‎‘Defending Your Life’ review by Julian (The Film Seeker) • Letterboxd
Defending Your Life

Defending Your Life ★★★½

Mere seconds into Defending Your Life, Albert Brooks ensures that you know exactly whose masterful comedic hands you're in. Before the Geffen Productions logo has even fully materialized from the aether, Brooks's voice is already heard, cracking layered jokes overtop a cynically coded birthday speech. The film that follows is surprisingly far more wholesome than such an acerbic intro might tease, but one thing that remains consistent throughout is that Brooks's comic voice is the buoy that keeps this project afloat.

If Defending Your Life begins to crumble somewhat under the scrutiny of its underdeveloped thematic groundwork, the least Brooks can offer is a showcase for why he's one of the most peerlessly funny people to ever walk this planet—even with its narrative shortcomings, the film could still have pulled off a five-star rating if Steve Martin had shown up as one of the judges or something to unite the Mount Rushmore of comedy. As director, Brooks knows the best way to frame himself as leading actor, providing a platform for his exceptional line deliveries and sharp facial expressions that would read as a vanity move by a filmmaker underplaying his costars to boost is own appearance, were he not just so damn effortlessly good at it all.

Through this comedy, Brooks explores a philosophical corner of life dealing with fulfillment (not at all uncommon for tales of the afterlife) but his particular approach feels admittedly jumbled. Perhaps it comes from the lack of tangible stakes; the worst that could happen to this guy is he's simply reincarnated and forced to live another life.
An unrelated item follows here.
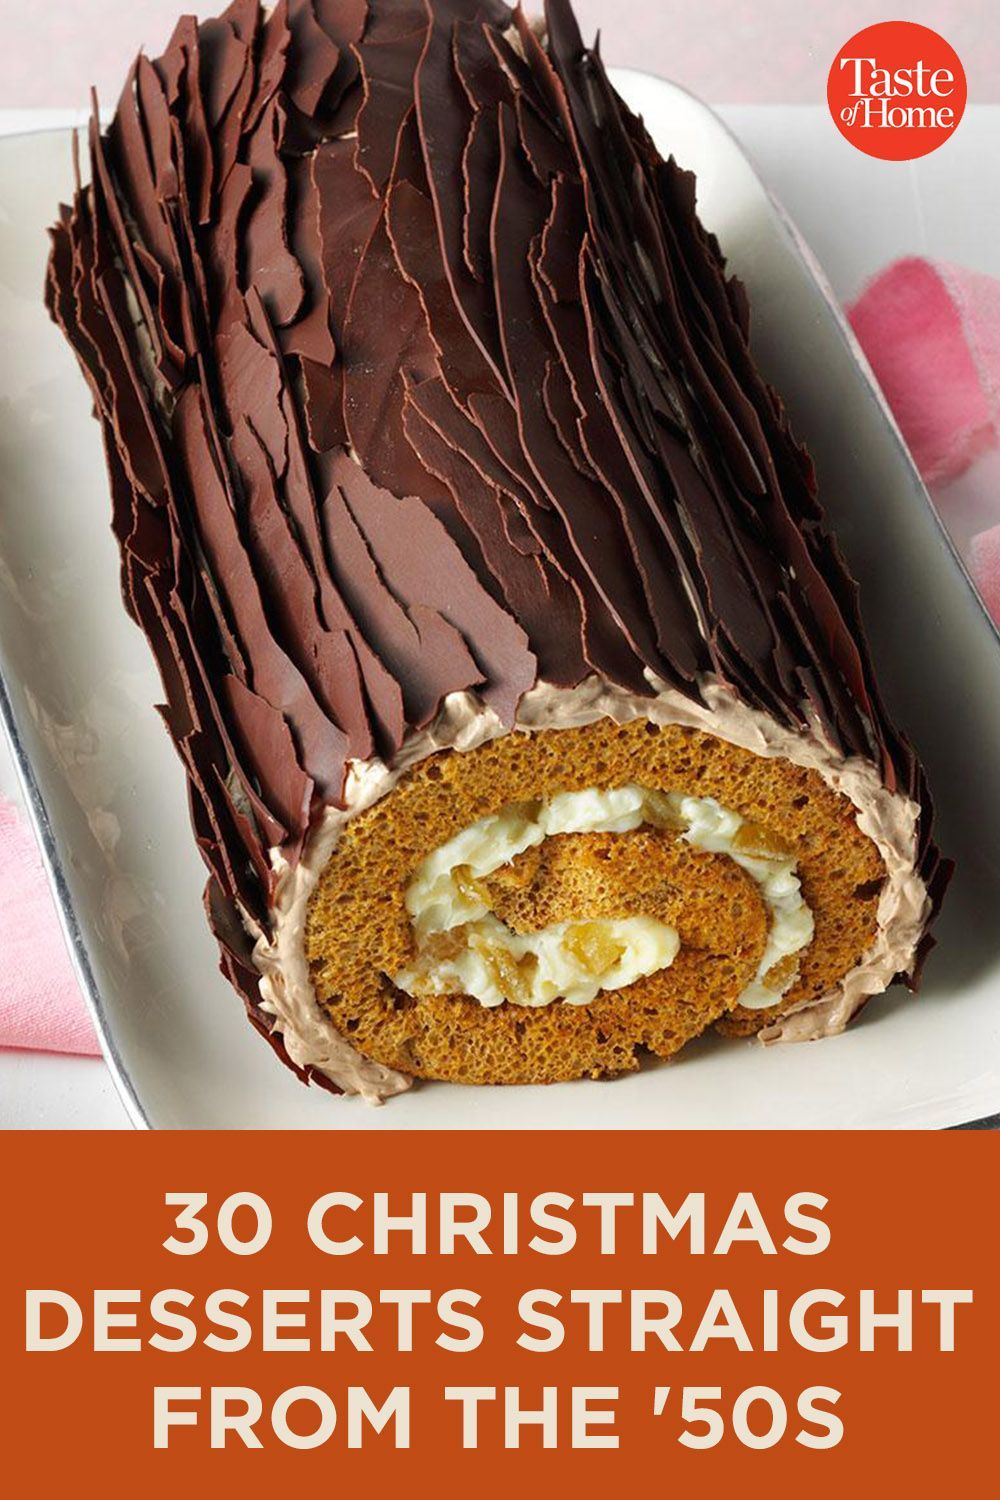 30 Christmas Desserts Straight from the '50s -   18 desserts Christmas cake ideas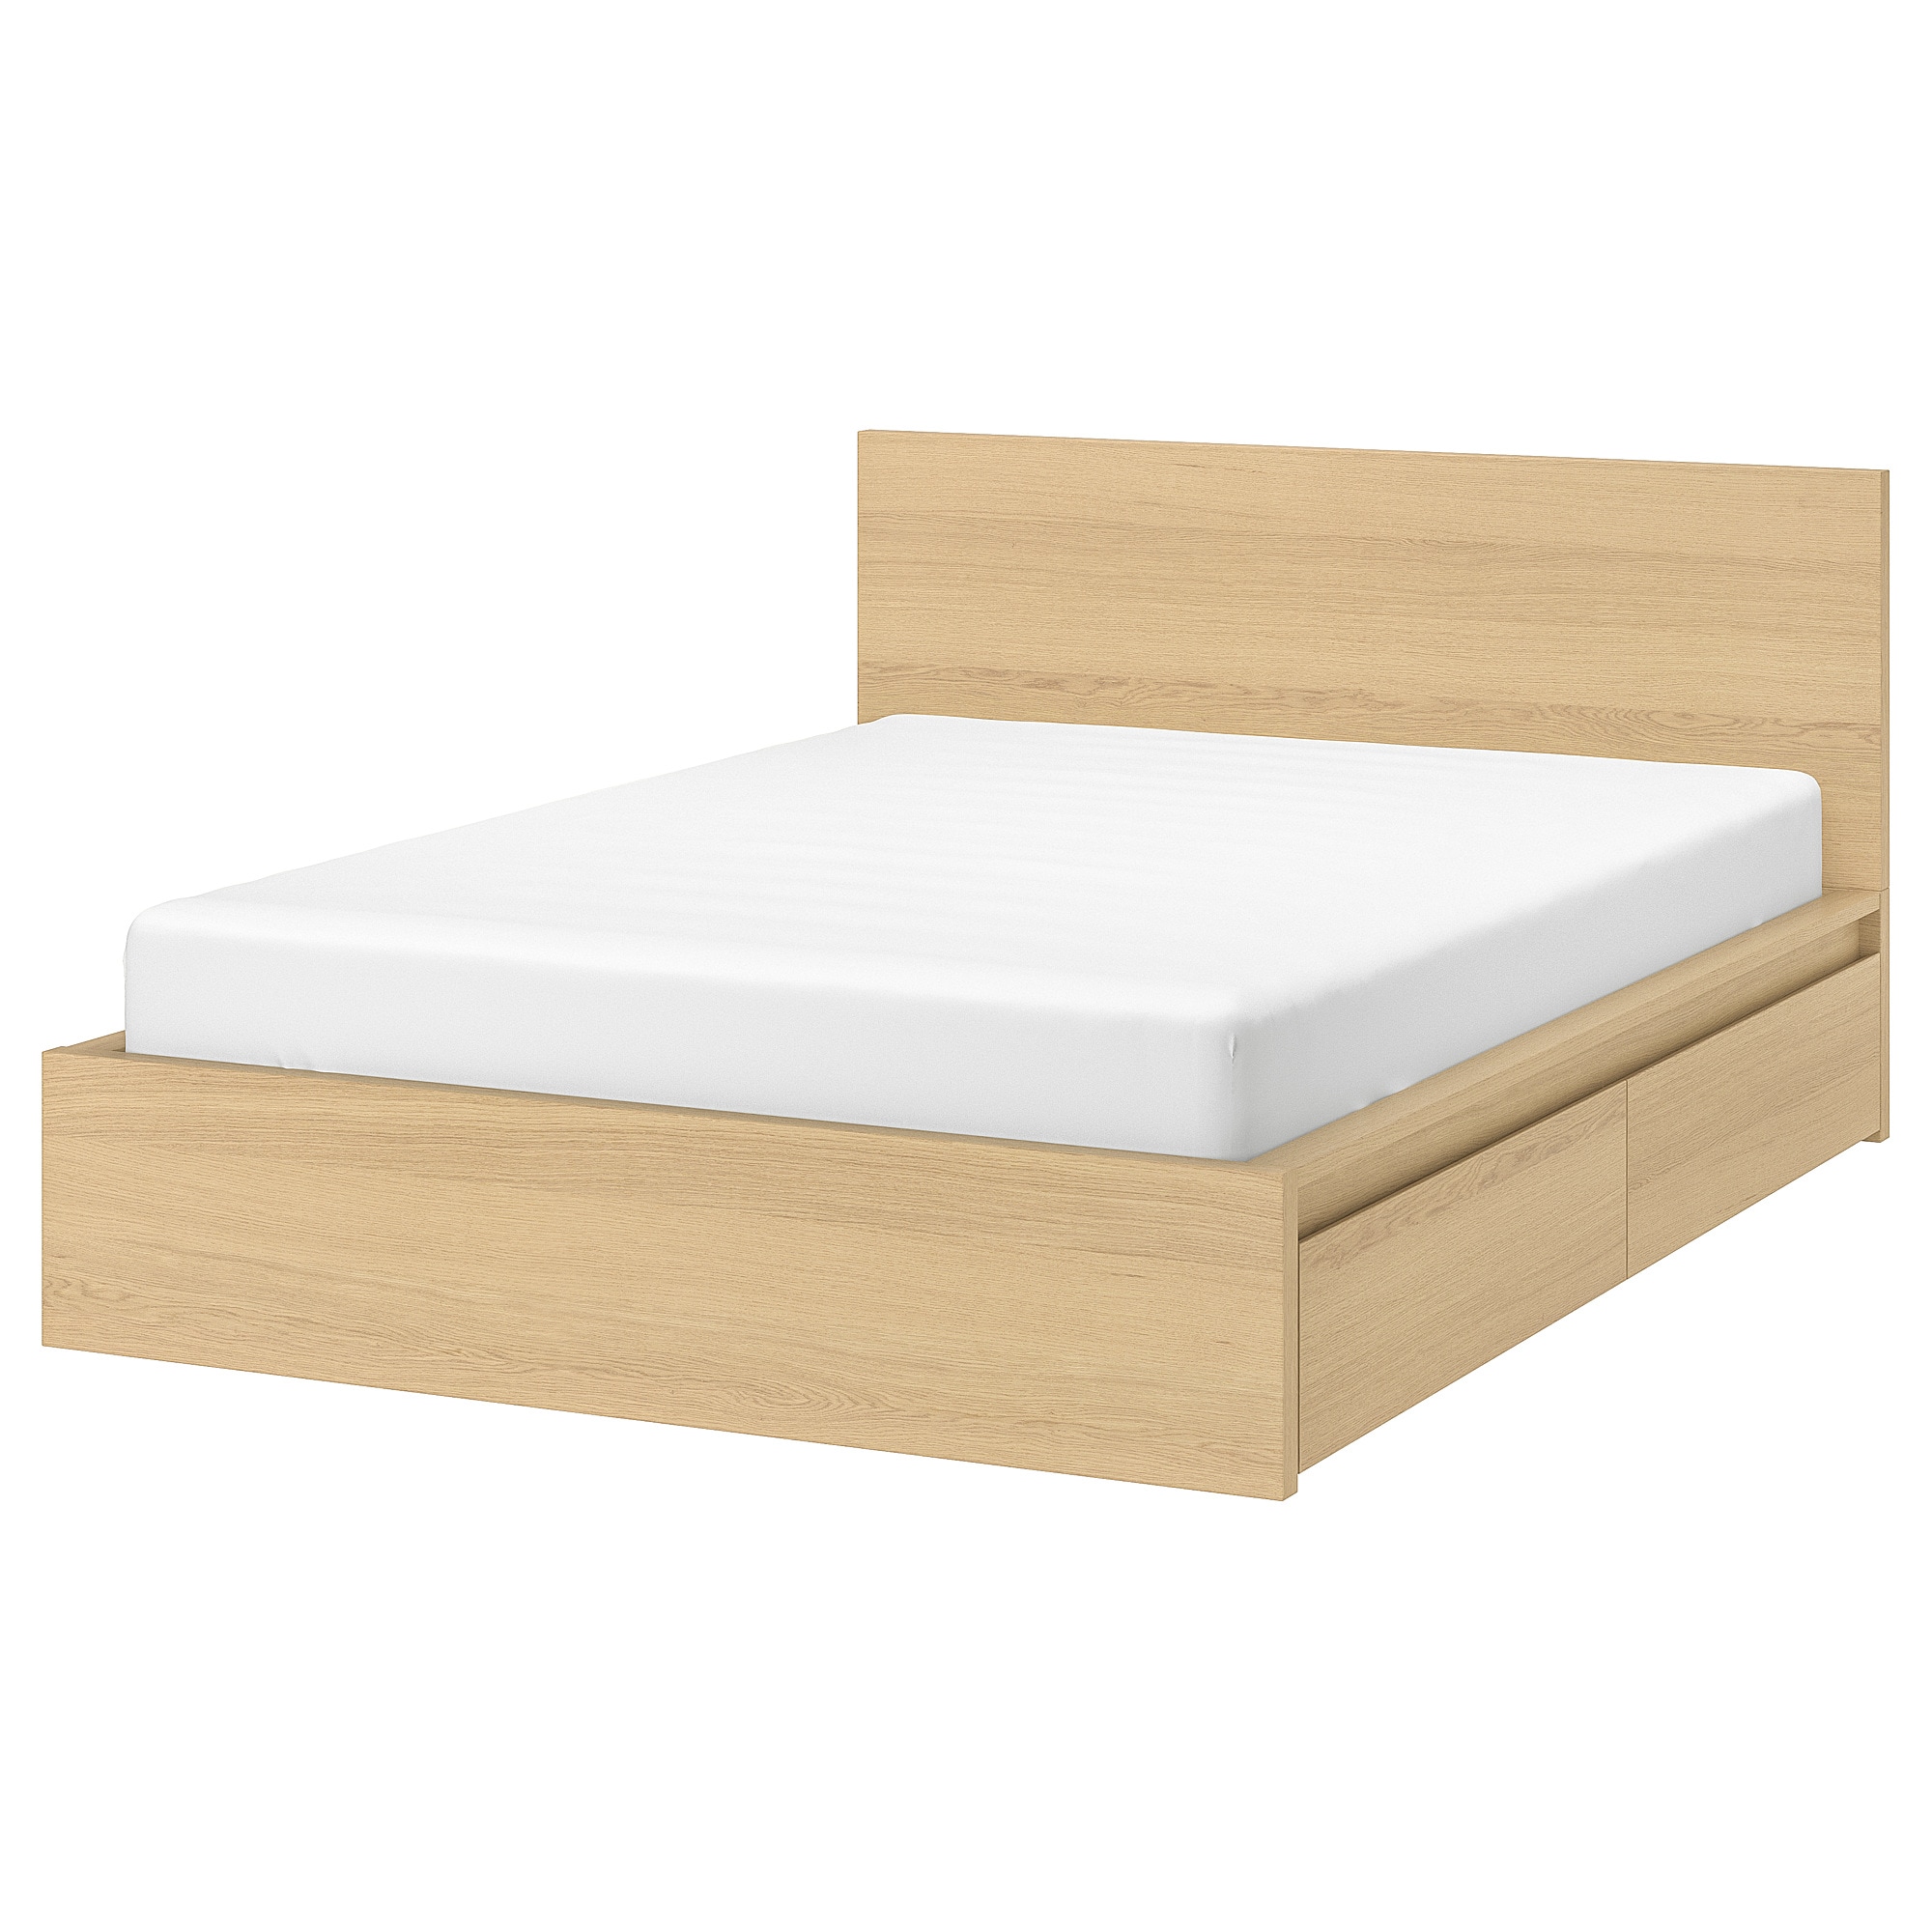 Malm Bed Frame High Luroy With 2, High King Size Bed Frame With Storage

Then again, such an outcome could seem punishment enough for anyone seeking a higher plane of enlightenment, and Defending Your Life presents an affable enough romance between Brooks and an always charming Meryl Streep to make the prospect of their post-purgatory separation sufficiently dire.

And yet, through it all, Albert Brooks maintains that laidback atmosphere so as never to betray his central premise where his thematic grasp might come up short. If Defending Your Life were simply a conceptual showcase for Brooks to spit as many hereafter-themed bars as he could muster, the film would still be worth the price of admission. Beneath the jokes, however, there does lie a deeper desire to own up to the regrets that haunt us behind our shield of humour; Brooks only needed to keep digging to find that coveted compositional balance beam.